← Back to Writing

Decent Crawling: A Proposal for Respectful Web Indexing

The current state of web crawling is wasteful. Search engines, AI training pipelines, and other automated agents repeatedly fetch entire websites on aggressive schedules — regardless of whether anything has changed. This puts unnecessary load on servers, wastes bandwidth, and disrespects the implicit contract between publishers and crawlers.

It doesn’t have to be this way. What follows is a simple, practical proposal for decent crawling: a set of principles that dramatically reduce unnecessary requests while keeping indexes fresh.

1. Respect robots.txt — actually

Every crawler claims to honor robots.txt, but decent crawling starts by treating it as more than just a list of disallowed paths. The file often contains Sitemap: directives pointing to one or more XML sitemaps. These are an explicit invitation from the site owner: here is what I publish, and here is how to find it. Use them.

If robots.txt does not declare a sitemap, we can fall back to well-known conventions before resorting to blind crawling:

  • /sitemap.xml
  • /sitemap_index.xml
  • /sitemaps/sitemap.xml

Only if none of these exist should a crawler consider broader discovery strategies — and even then, it should do so conservatively.

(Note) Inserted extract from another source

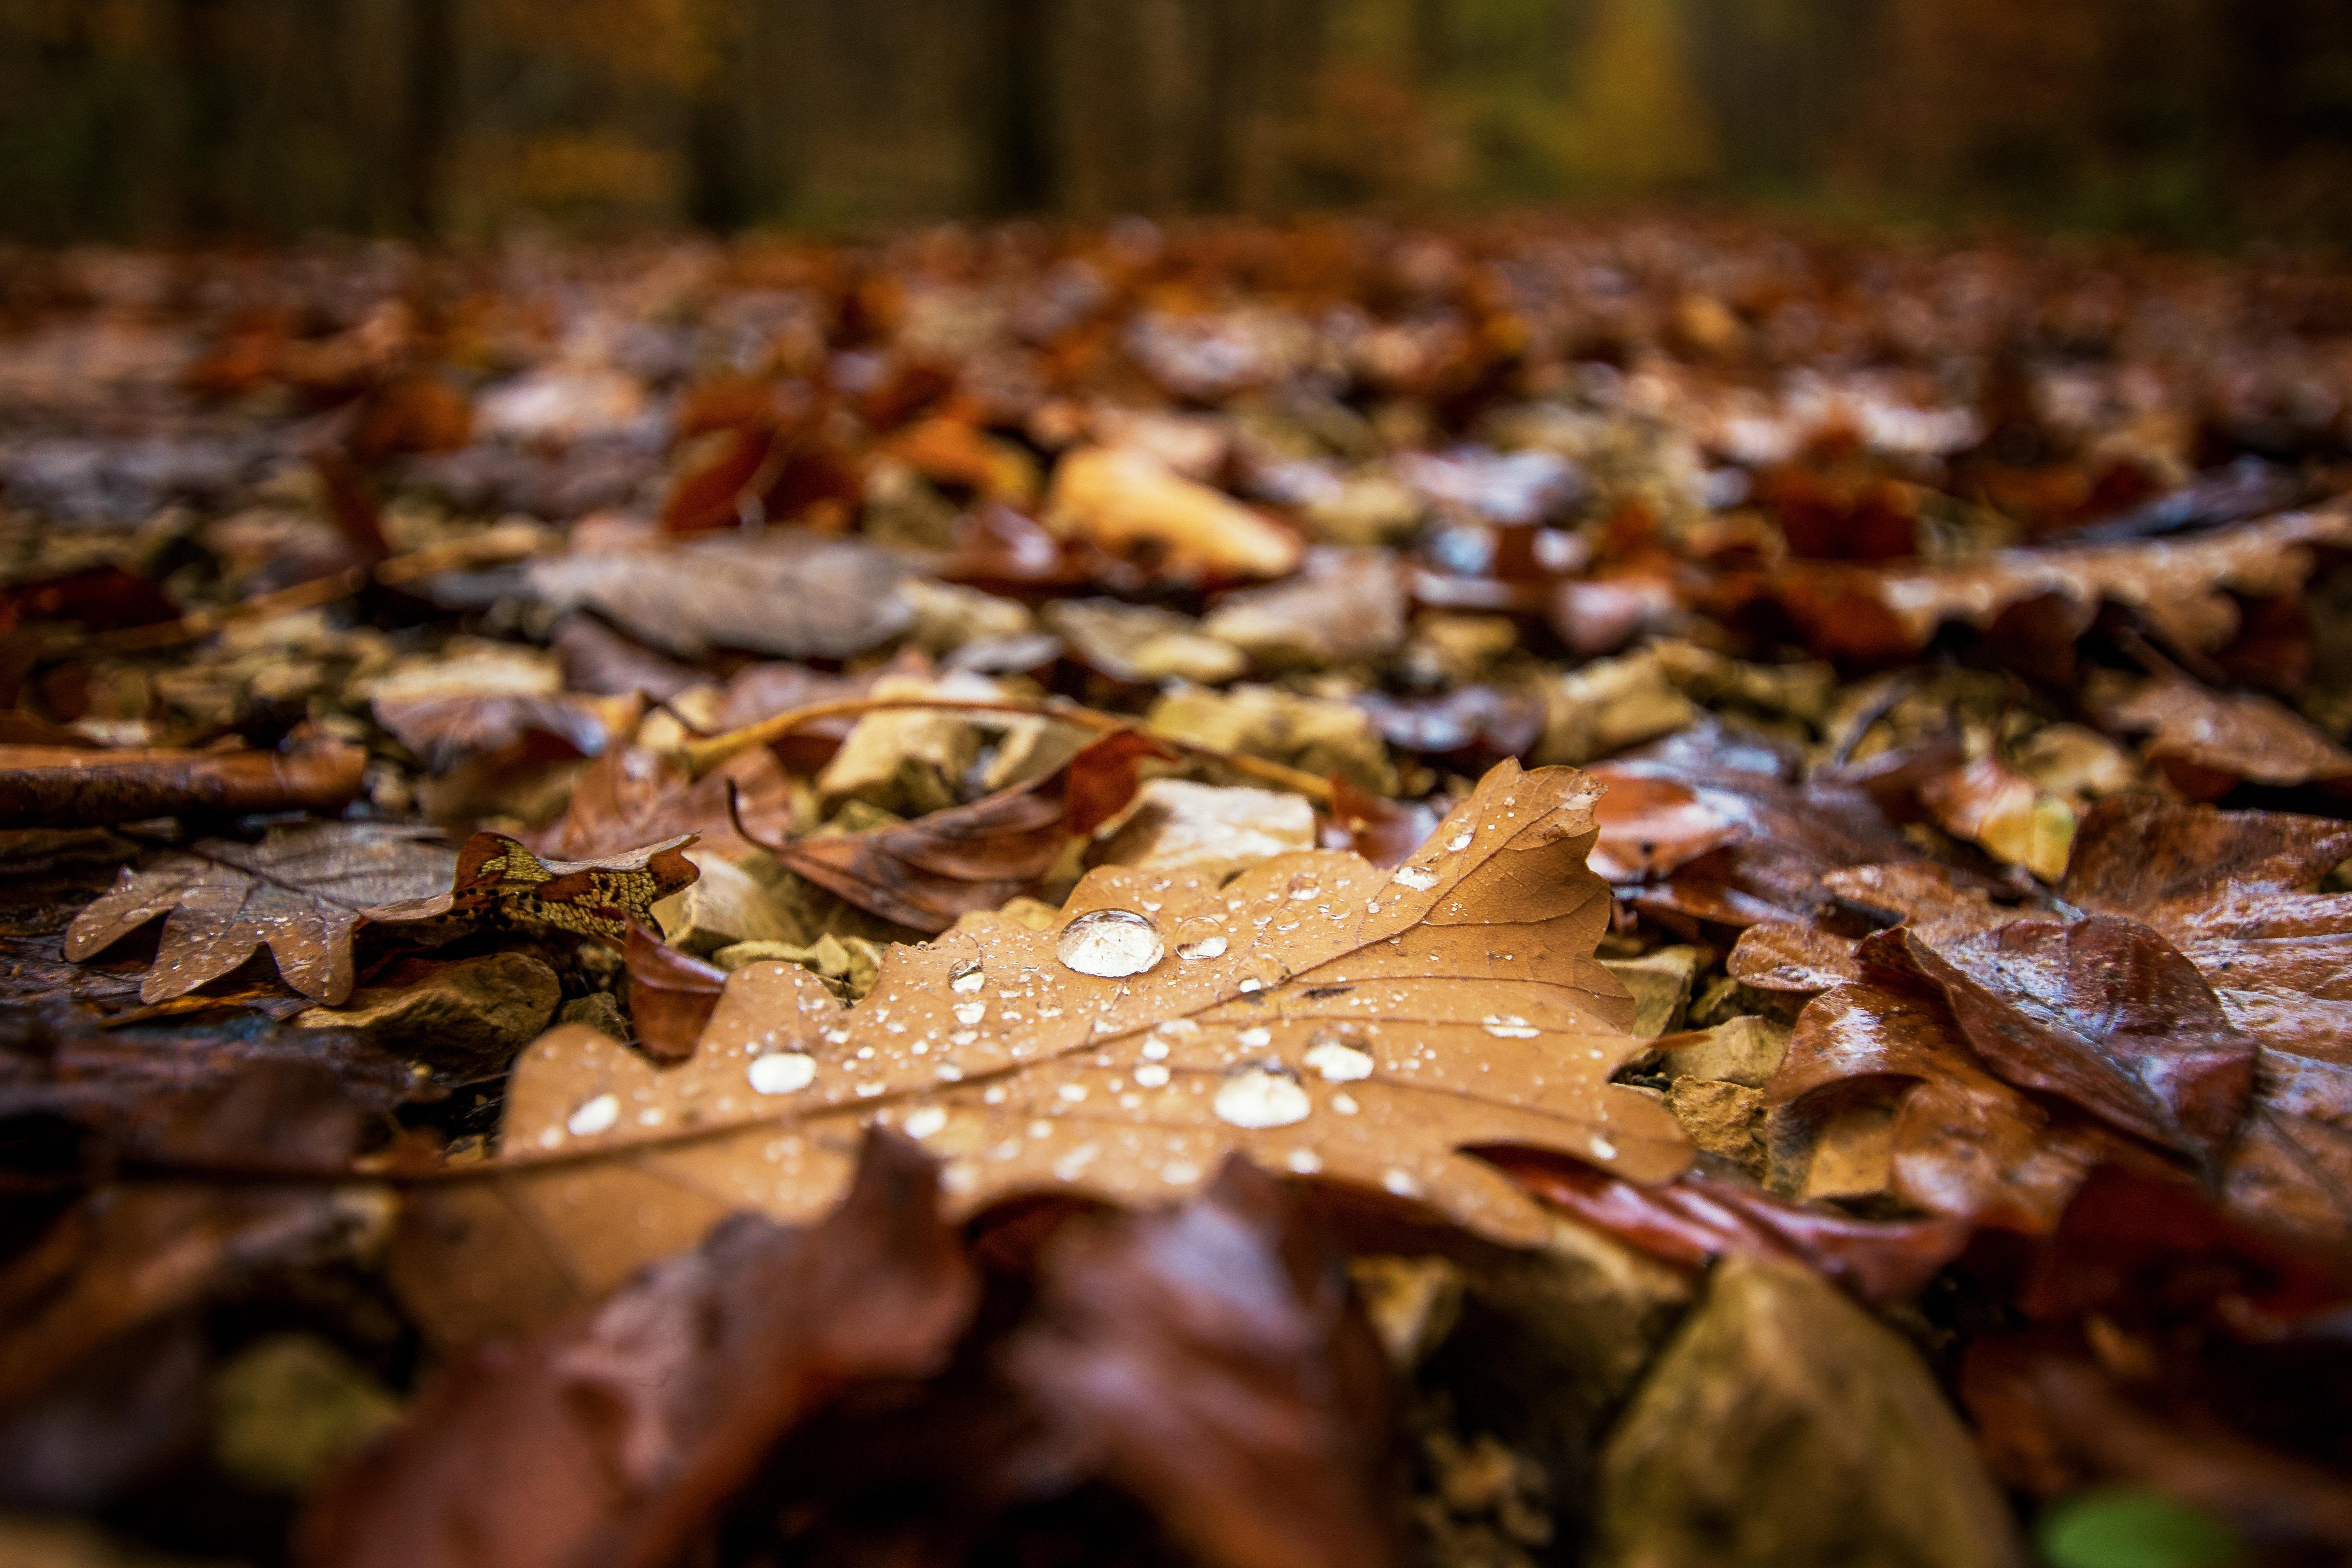 rando inside, randonnée, randonner pluie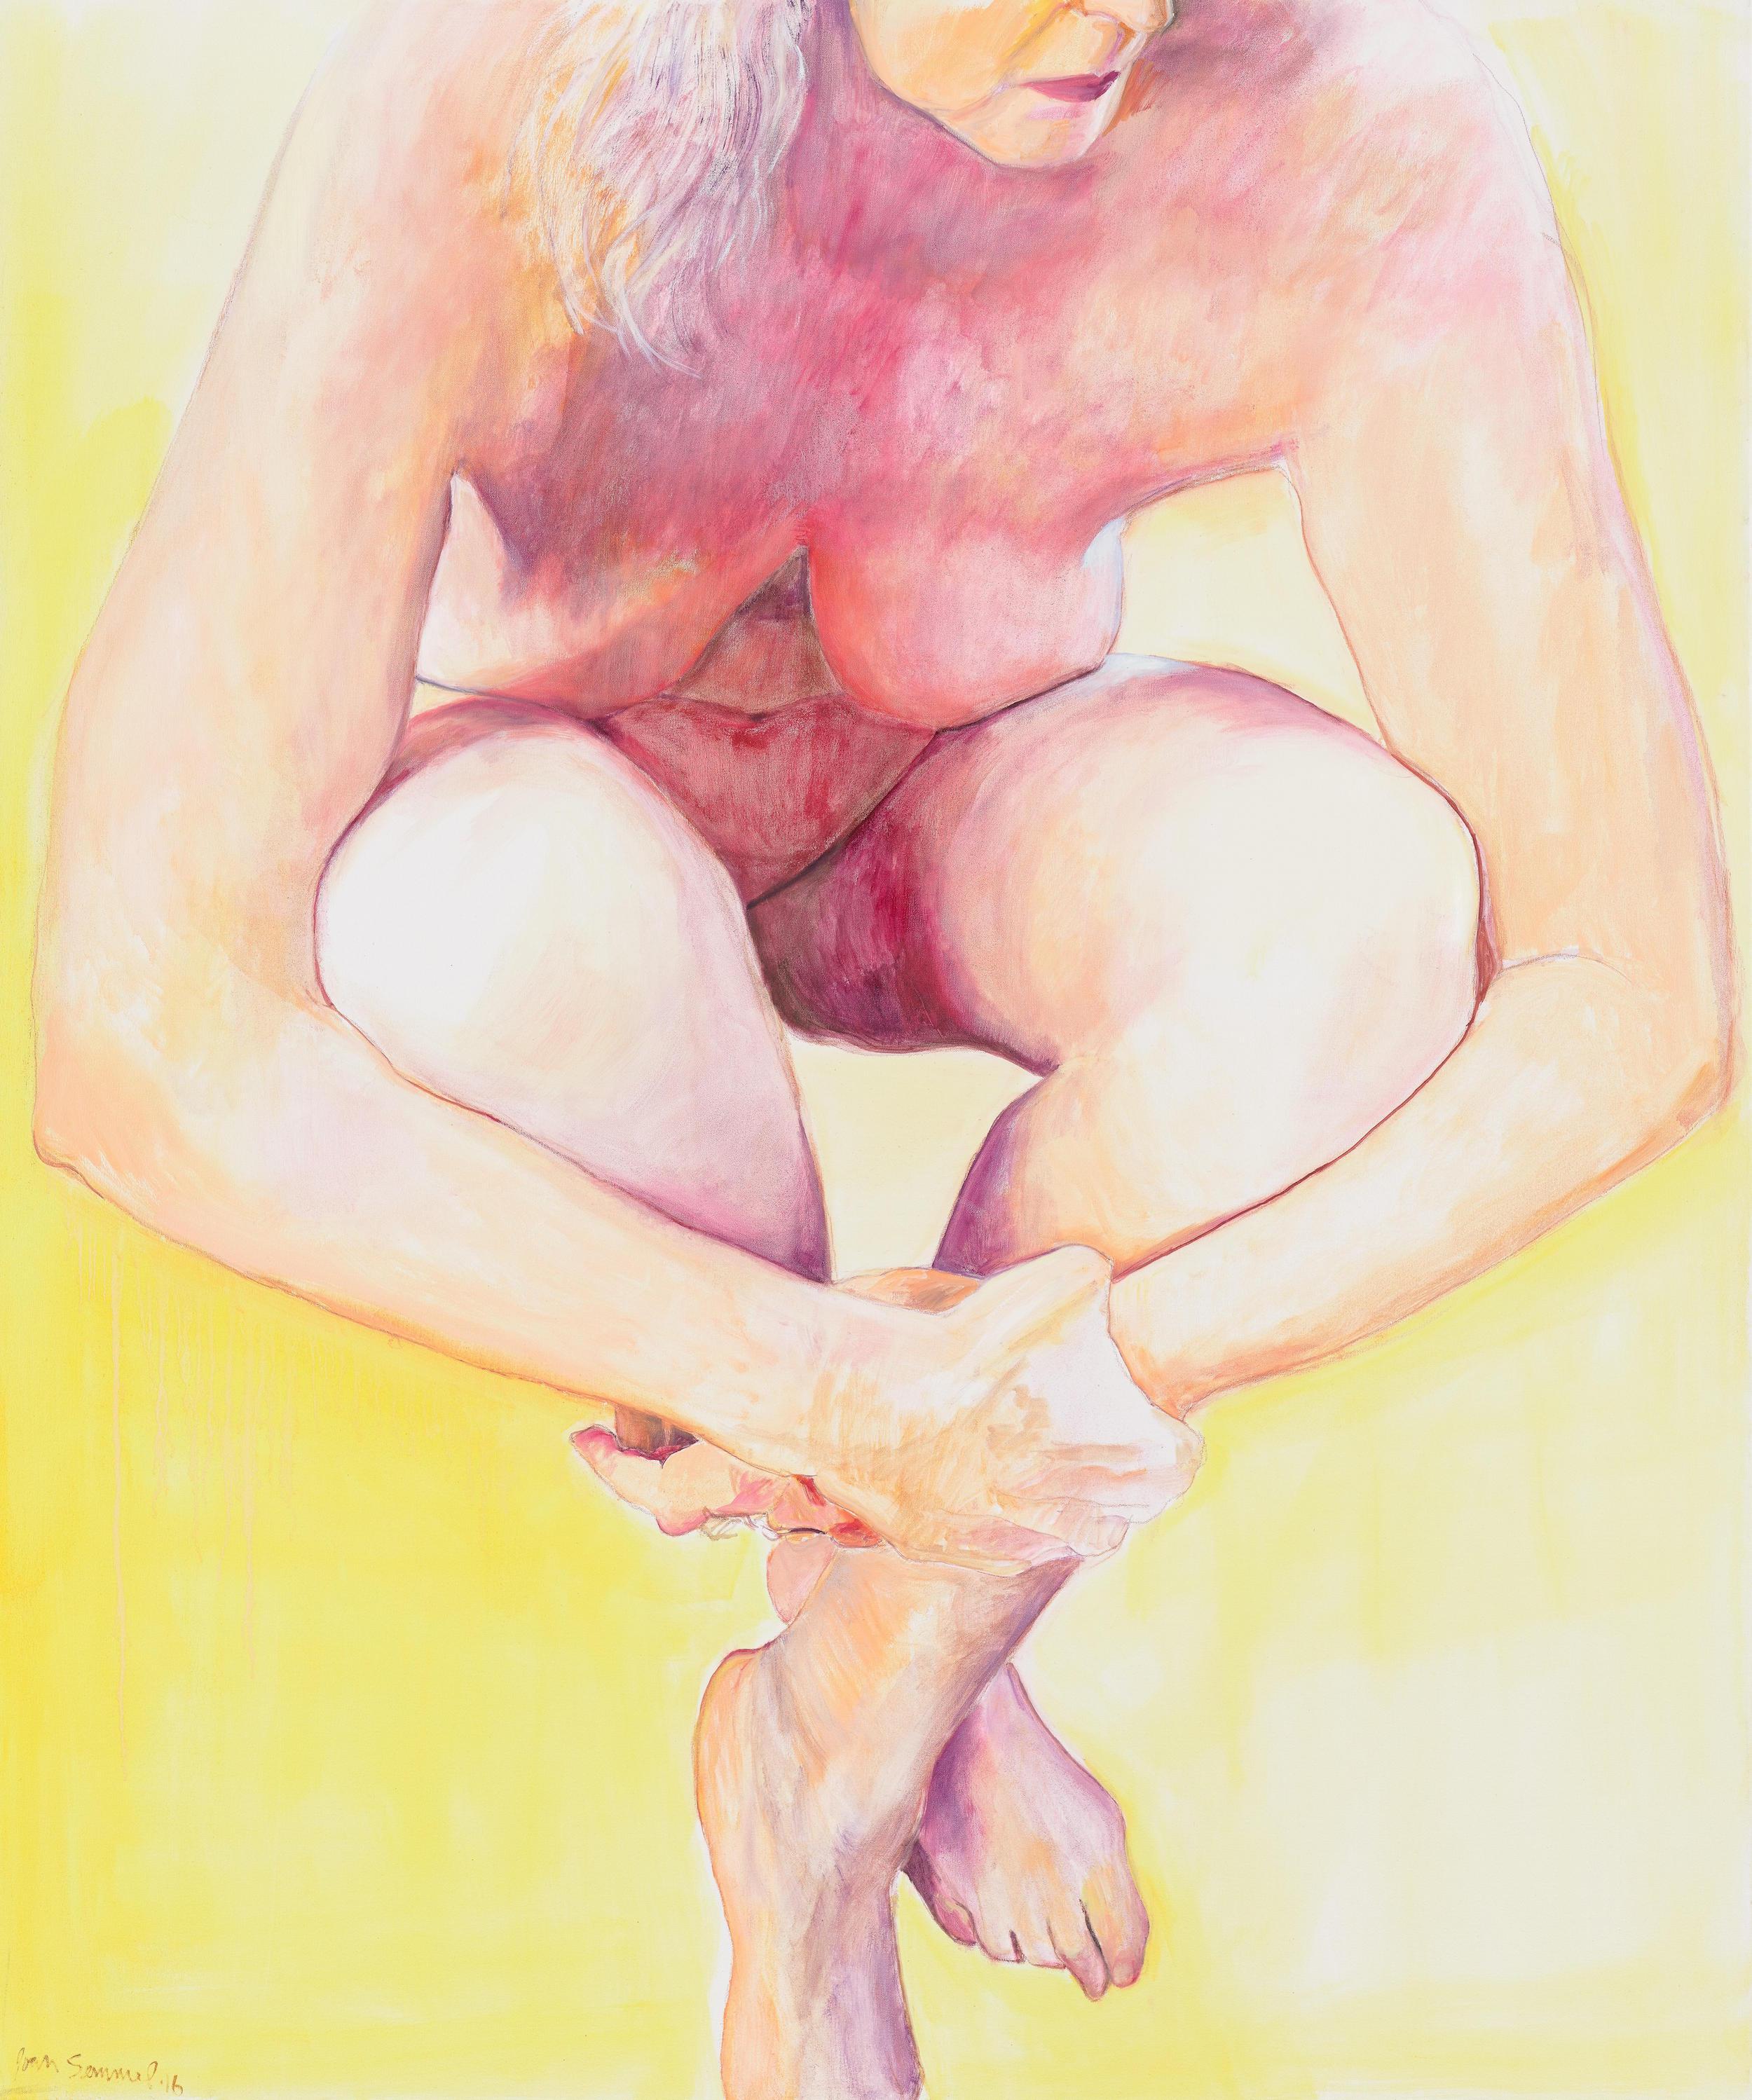 Joan Semmel, Embrace, 2016, Oil on canvas, 72 x 60 in, (182.88h x 152.4w cm) Courtesy Alexander Gray Associates, New York © 2016 Joan Semmel/Artists Rights Society (ARS), New York

2. Poll the sitemap, not the site

Rather than re-crawling thousands of pages to check for changes, a decent crawler periodically fetches only the sitemap. This is a single, small request that provides a complete picture of a site’s published content. Sitemaps typically include a <lastmod> timestamp for each URL, making change detection trivial.

The polling interval for the sitemap itself can be generous — once a day is sufficient for most sites, and many would be well-served by even less frequent checks.

3. Crawl only what changed

With a sitemap in hand, the crawler compares the current version to the previous one and identifies:

  • New URLs — pages that have been added since the last check.
  • Modified URLs — pages where <lastmod> has been updated.
  • Removed URLs — pages that are no longer listed and can be de-indexed.

Only new and modified URLs need to be fetched. Everything else stays as-is.

The impact

For a site with 10,000 pages where 50 change per day, this approach reduces daily crawl requests from 10,000+ to roughly 50 — plus one sitemap fetch. That’s a reduction of over 99%.

Multiply this across millions of sites and the savings in server load, energy, and bandwidth become enormous.

A call to action

This isn’t a new protocol. It doesn’t require new standards or infrastructure. Everything described here already exists — robots.txt, XML sitemaps, <lastmod> timestamps — and has for years. The proposal is simply that crawlers should use what’s already there, rather than brute-forcing their way through the web on repeat.

Decent crawling is a choice. It’s time more of us made it.